FIG. 11 is a graph of experimental data and (AFT) or (TL) heuristic measure model prediction of tail length, TL, plotted as a function of the size of the target (user targeted object), W, for Near vs. Far Targets;
FIG. 12 is a schematic diagram illustrating an exemplary preferred procedure for scoring candidate predicted user targeted objects, predicted by the computer from a set of candidate predicted user targeted objects according to the different categories of heuristic measures, for generating, by the computer, a best predicted user targeted object, in accordance with the present invention;
FIG. 13 a schematic diagram illustrating an exemplary containment hierarchy as a particular type of application context heuristic measure;
FIG. 14 is a schematic diagram illustrating an exemplary simulation of an ambiguous multiple object domain of object based drawing or graphics software;
FIG. 15 is a schematic diagram illustrating an exemplary simulation of an ambiguous multiple object domain of text selection; and
FIG. 16 is a schematic diagram illustrating an exemplary simulation of an ambiguous multiple object domain of a computer aided design (CAD) environment.
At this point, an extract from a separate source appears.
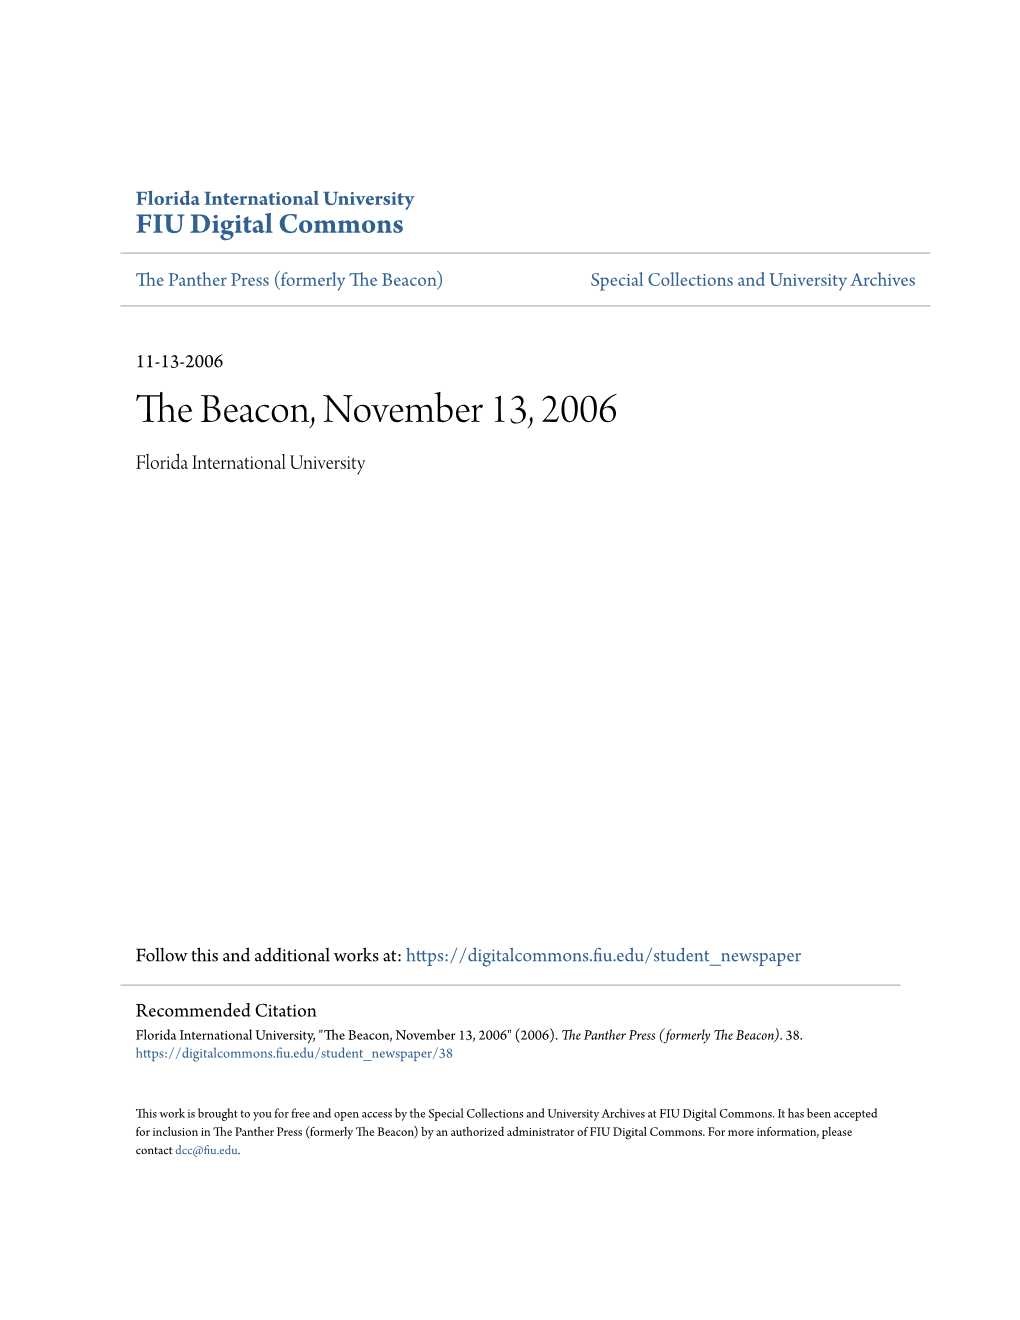 The Beacon, November 13, 2006 Florida International University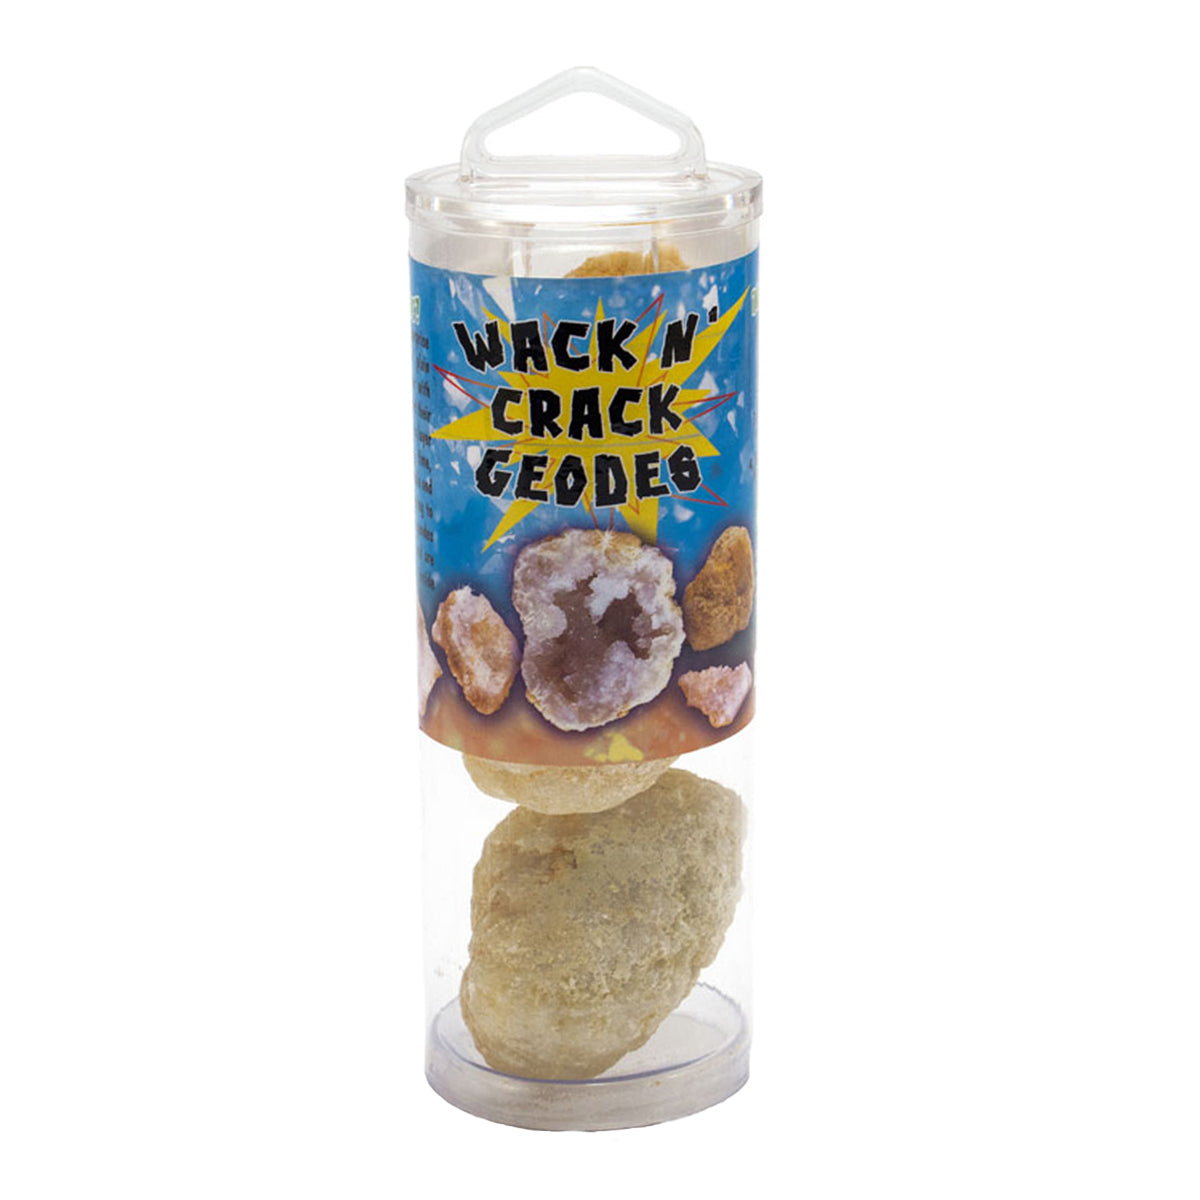 Wack n' Crack Geodes

DESCRIPTION OF THE PREFERRED EMBODIMENTS
The present invention relates to the field of human-computer interaction (HCI) focusing on using a pointer for selecting objects and, more particularly, to a method and system for implicitly resolving pointing ambiguities in human-computer interaction by implicitly analyzing user movements of a pointer toward a user targeted object located in an ambiguous multiple object domain and predicting the user targeted object. Implicitly analyzing the user movements of the pointer and predicting the user targeted object are done by using different categories of heuristic (statically and/or dynamically learned) measures, such as (i) implicit user pointing gesture measures, (ii) application context, and (iii) number of computer suggestions of each best predicted user targeted object. Particular types of implicit user pointing gesture measures are (1) speed-accuracy tradeoff measures, and (2) exact pointer position measures. Two independent types of speed-accuracy tradeoff heuristic measures primarily used in the present invention are referred to as total movement time (TMT), and, amount of fine tuning (AFT) or tail-length (TL). A particular type of application context heuristic measure used in the present invention is referred to as containment hierarchy.
It is to be understood that the invention is not limited in its application to the details of the order or sequence of steps of operation or implementation, or the construction, arrangement, composition, of the components, set forth in the following description, drawings, or examples. For example, the following description refers to the commonly used ‘mouse’ type of pointing device or mechanism associated with a pointer on a computer display screen, in order to illustrate implementation of the present invention. The invention is capable of other embodiments or of being practiced or carried out in various ways.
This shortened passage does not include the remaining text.